Stored data
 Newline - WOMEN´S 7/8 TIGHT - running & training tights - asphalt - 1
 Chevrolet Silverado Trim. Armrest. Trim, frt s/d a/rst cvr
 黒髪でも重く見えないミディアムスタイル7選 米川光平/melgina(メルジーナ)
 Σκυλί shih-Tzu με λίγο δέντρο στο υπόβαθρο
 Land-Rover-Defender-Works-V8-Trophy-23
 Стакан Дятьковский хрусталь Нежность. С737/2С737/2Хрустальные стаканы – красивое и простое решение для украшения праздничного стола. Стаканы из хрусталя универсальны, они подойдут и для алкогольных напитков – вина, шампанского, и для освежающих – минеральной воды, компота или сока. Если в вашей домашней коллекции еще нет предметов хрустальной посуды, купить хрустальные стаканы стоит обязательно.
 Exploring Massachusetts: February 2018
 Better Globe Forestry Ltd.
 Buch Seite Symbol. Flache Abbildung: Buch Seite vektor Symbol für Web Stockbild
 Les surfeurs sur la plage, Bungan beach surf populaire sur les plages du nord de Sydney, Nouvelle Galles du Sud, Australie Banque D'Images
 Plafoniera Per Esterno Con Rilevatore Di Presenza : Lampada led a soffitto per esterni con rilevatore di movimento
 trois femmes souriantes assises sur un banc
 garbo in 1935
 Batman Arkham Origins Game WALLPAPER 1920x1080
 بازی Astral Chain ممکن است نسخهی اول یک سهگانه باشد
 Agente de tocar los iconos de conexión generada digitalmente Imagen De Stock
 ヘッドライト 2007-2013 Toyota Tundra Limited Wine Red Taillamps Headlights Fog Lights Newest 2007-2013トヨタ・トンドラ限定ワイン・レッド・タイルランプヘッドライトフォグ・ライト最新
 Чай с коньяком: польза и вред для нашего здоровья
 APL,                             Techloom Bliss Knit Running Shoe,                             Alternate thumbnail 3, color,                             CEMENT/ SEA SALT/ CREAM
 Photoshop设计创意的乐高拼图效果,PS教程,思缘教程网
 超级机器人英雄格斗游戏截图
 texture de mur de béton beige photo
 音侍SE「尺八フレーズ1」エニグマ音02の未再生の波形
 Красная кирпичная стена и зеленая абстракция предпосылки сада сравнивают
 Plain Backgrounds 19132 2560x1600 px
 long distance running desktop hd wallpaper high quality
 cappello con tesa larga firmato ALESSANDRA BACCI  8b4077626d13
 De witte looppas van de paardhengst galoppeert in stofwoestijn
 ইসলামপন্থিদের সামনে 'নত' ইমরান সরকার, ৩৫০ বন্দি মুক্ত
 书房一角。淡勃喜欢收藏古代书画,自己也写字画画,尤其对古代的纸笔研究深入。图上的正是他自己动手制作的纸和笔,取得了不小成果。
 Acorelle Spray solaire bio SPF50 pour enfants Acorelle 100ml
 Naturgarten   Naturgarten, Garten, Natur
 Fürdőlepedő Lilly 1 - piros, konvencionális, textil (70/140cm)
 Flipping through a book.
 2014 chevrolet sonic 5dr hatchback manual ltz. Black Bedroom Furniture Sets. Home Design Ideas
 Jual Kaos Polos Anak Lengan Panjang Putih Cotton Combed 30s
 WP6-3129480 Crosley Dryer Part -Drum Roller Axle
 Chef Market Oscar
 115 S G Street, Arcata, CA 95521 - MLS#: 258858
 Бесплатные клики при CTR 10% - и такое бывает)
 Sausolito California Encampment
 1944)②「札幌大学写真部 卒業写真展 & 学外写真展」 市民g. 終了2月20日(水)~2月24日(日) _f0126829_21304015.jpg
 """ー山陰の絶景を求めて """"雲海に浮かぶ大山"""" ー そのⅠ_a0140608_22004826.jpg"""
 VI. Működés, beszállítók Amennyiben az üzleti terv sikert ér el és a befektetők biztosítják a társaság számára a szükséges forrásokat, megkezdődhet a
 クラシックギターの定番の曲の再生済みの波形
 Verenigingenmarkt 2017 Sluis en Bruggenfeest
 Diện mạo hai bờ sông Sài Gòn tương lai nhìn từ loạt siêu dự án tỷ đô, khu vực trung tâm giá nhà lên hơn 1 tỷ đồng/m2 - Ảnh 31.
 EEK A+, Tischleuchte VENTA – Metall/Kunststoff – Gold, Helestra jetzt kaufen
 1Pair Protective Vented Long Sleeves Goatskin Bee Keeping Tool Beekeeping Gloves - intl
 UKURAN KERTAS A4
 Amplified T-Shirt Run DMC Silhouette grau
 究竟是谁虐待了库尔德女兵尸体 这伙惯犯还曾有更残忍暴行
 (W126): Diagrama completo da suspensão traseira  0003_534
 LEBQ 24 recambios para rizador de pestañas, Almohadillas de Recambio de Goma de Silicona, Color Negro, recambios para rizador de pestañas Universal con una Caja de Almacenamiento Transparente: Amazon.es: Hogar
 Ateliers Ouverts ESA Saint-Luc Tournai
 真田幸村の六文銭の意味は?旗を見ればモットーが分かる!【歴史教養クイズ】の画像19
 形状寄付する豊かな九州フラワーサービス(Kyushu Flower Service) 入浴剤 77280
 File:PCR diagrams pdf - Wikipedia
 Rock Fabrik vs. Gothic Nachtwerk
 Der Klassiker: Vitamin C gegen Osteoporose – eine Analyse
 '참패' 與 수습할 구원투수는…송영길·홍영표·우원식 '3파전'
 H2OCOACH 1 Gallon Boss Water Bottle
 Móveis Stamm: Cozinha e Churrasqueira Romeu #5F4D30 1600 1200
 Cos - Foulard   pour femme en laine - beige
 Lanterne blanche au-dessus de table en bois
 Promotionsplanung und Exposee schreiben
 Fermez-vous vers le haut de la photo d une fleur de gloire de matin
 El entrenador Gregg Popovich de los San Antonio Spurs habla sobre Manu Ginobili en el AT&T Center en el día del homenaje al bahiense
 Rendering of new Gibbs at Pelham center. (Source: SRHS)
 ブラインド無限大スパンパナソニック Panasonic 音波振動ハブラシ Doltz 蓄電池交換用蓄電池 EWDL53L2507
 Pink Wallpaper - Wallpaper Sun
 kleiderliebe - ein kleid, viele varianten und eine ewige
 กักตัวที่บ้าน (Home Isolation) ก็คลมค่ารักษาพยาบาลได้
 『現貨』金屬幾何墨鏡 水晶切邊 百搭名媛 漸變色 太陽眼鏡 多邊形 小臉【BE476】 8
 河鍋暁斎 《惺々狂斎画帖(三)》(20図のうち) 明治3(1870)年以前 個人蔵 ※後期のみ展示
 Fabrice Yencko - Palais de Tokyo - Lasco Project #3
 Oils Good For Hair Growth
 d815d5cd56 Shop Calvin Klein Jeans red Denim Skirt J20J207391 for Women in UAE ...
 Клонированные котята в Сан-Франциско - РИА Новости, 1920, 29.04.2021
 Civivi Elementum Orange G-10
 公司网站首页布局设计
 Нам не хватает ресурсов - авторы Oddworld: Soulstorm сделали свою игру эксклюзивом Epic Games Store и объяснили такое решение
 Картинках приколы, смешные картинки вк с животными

## [What to do]
Line count for the word "pour": work out how many lines of the data above include it, and reply with that number alone.

## [Solution]
2